- Opening Delimiter -

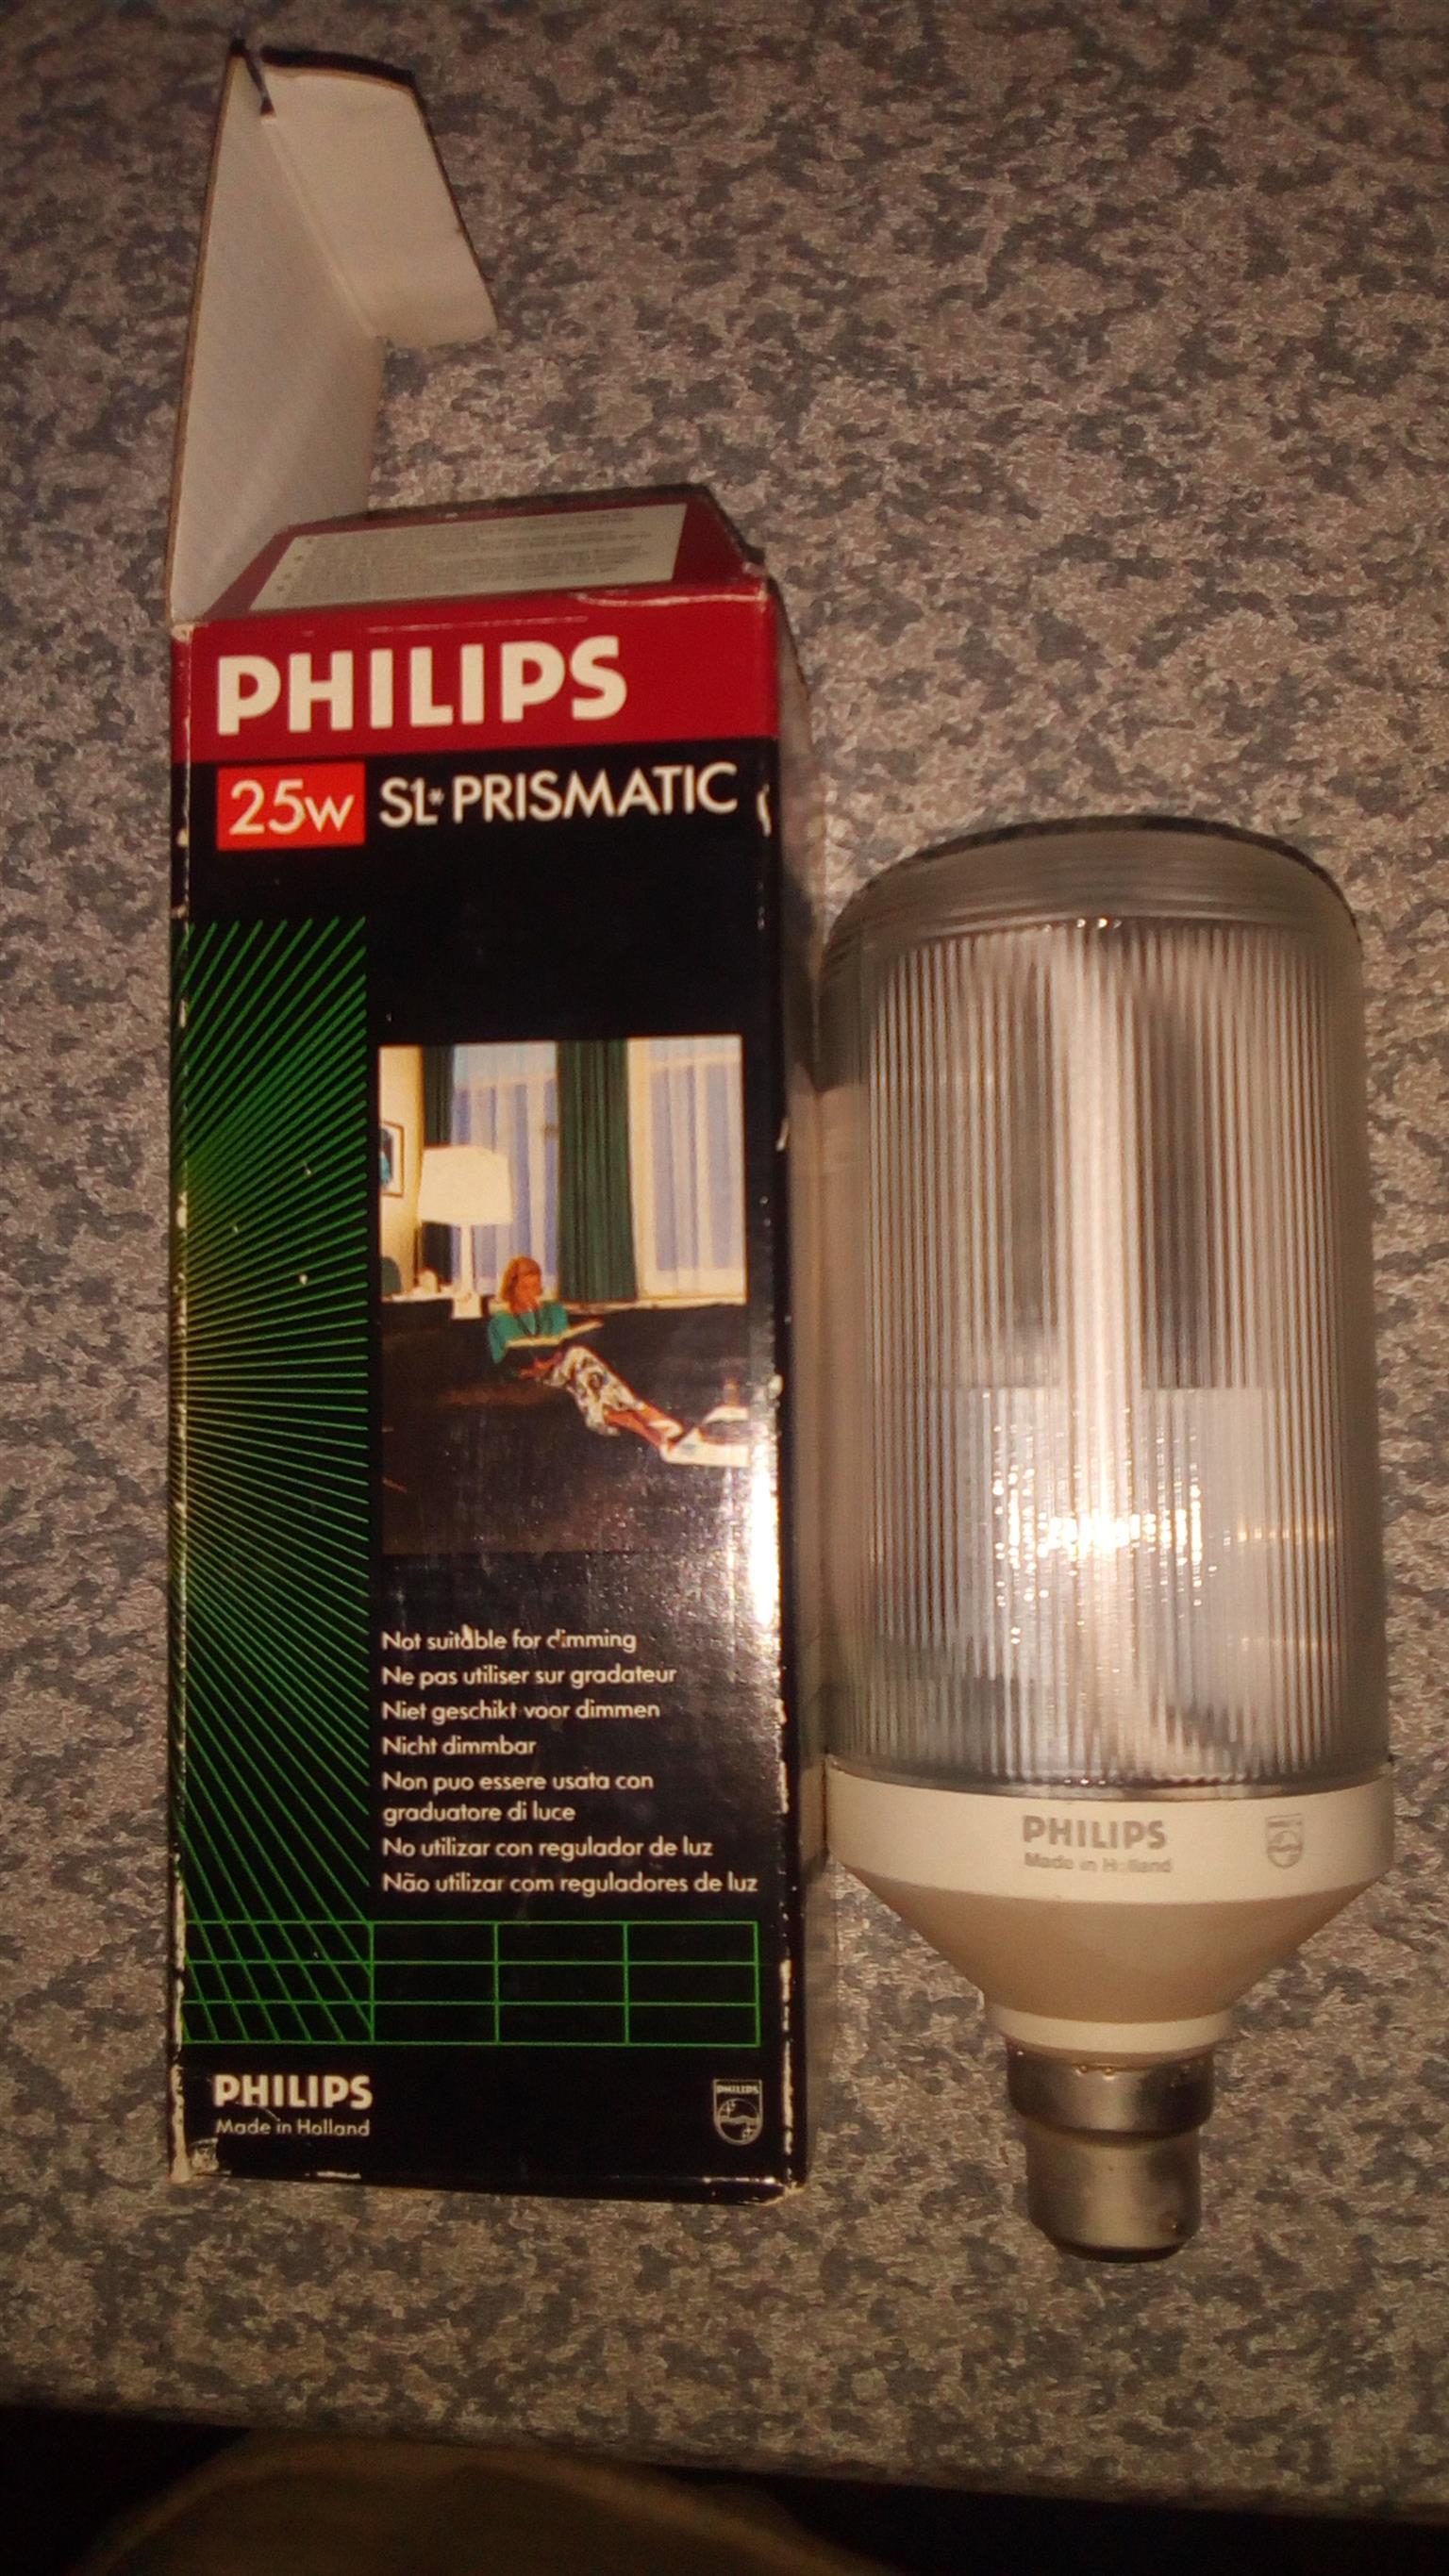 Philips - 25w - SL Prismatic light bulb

- Closing Delimiter -
- Opening Delimiter -

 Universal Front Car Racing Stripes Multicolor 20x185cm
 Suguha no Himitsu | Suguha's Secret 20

- Closing Delimiter -

§ **What you need to do**
Please copy the lines in the records above between the one holding "Universal Front Car" and the one holding "Suguha no Himitsu | Suguha's Secret 20", inclusive, exactly and with no other line.

§ **Expected answer**
 Universal Front Car Racing Stripes Multicolor 20x185cm
 Suguha no Himitsu | Suguha's Secret 20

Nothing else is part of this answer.